PROBLEM TO WORK ON:
Every line of the data below must be output exactly, with images left out.
━━ DATASET EXCERPT ━━
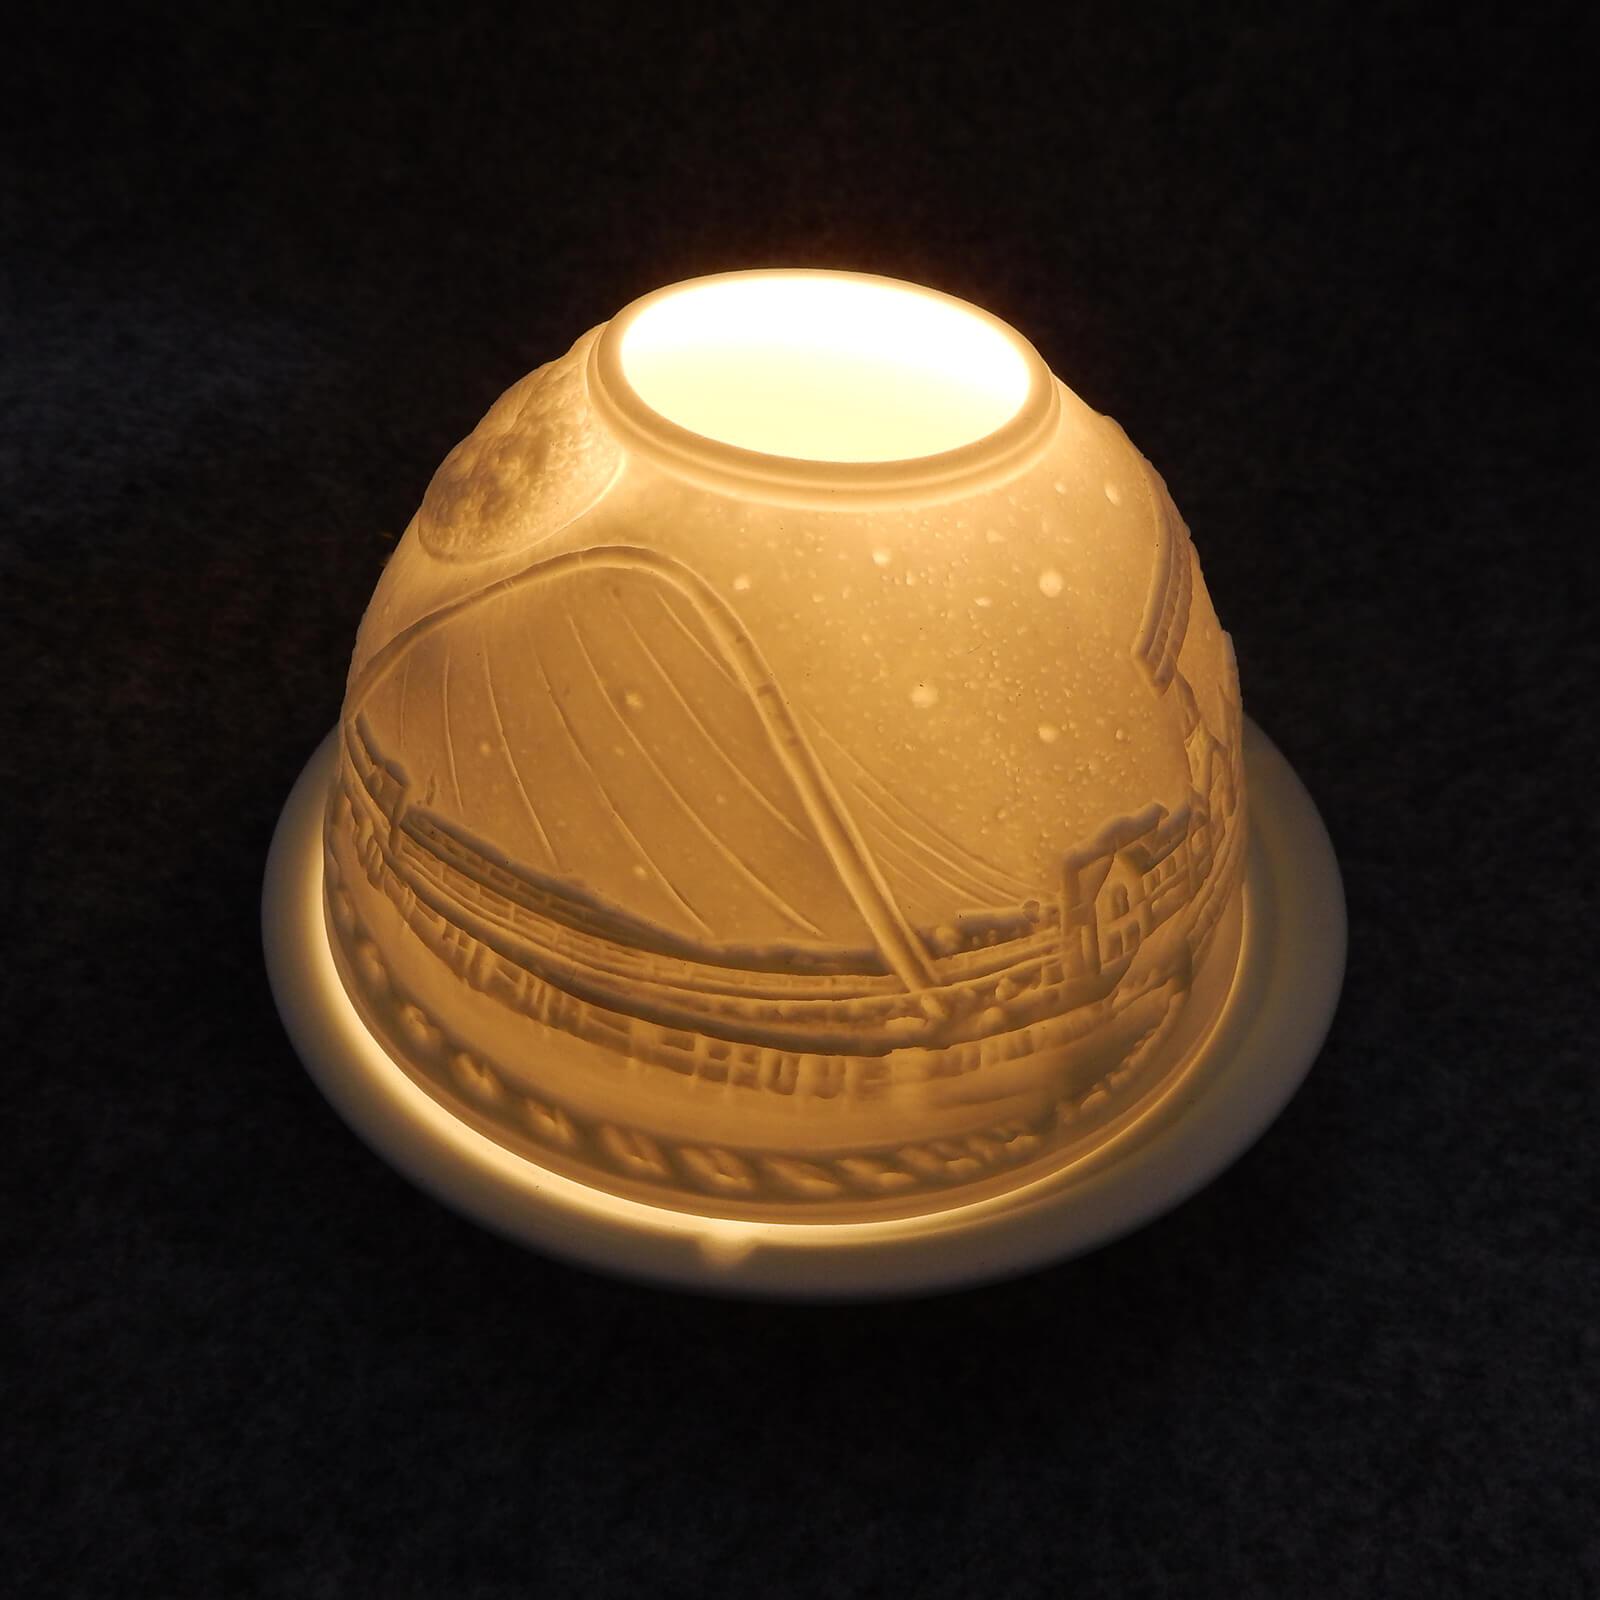 North East Landmarks Ceramic Ornamental Tea-light Holder
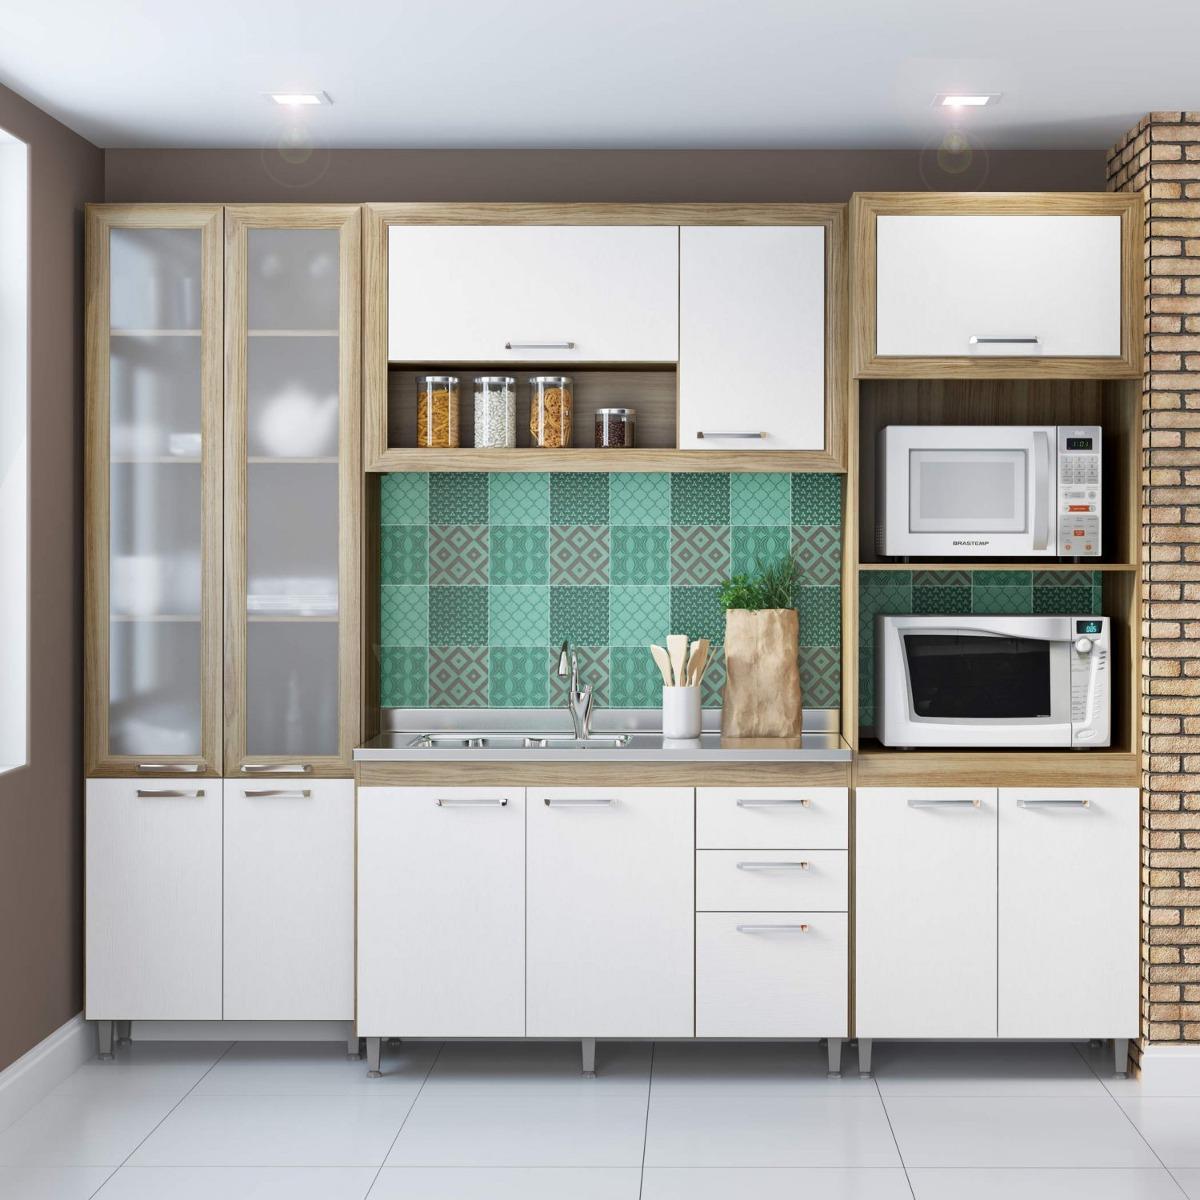 Cozinha Completa Com Balc O Sem Tampo E Paneleiro Ed R 1 769 90
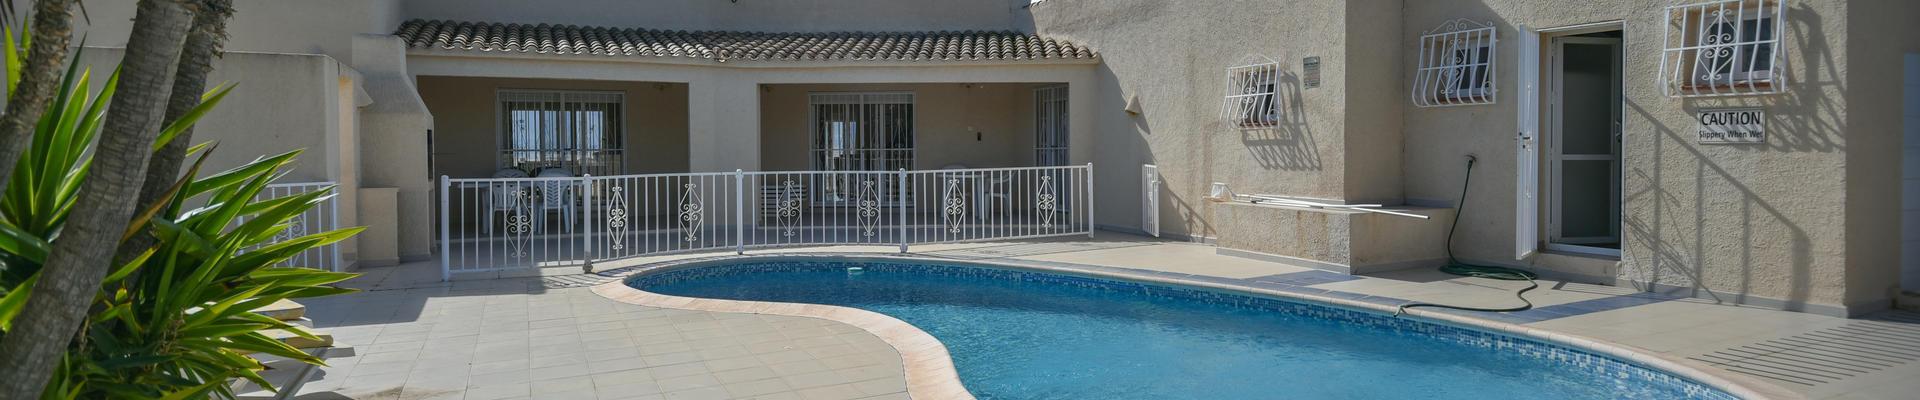 DV1441: 4 Bedroom Villa for Sale
━━━
SOLVED EXERCISE:
 North East Landmarks Ceramic Ornamental Tea-light Holder
 Cozinha Completa Com Balc O Sem Tampo E Paneleiro Ed R 1 769 90
 DV1441: 4 Bedroom Villa for Sale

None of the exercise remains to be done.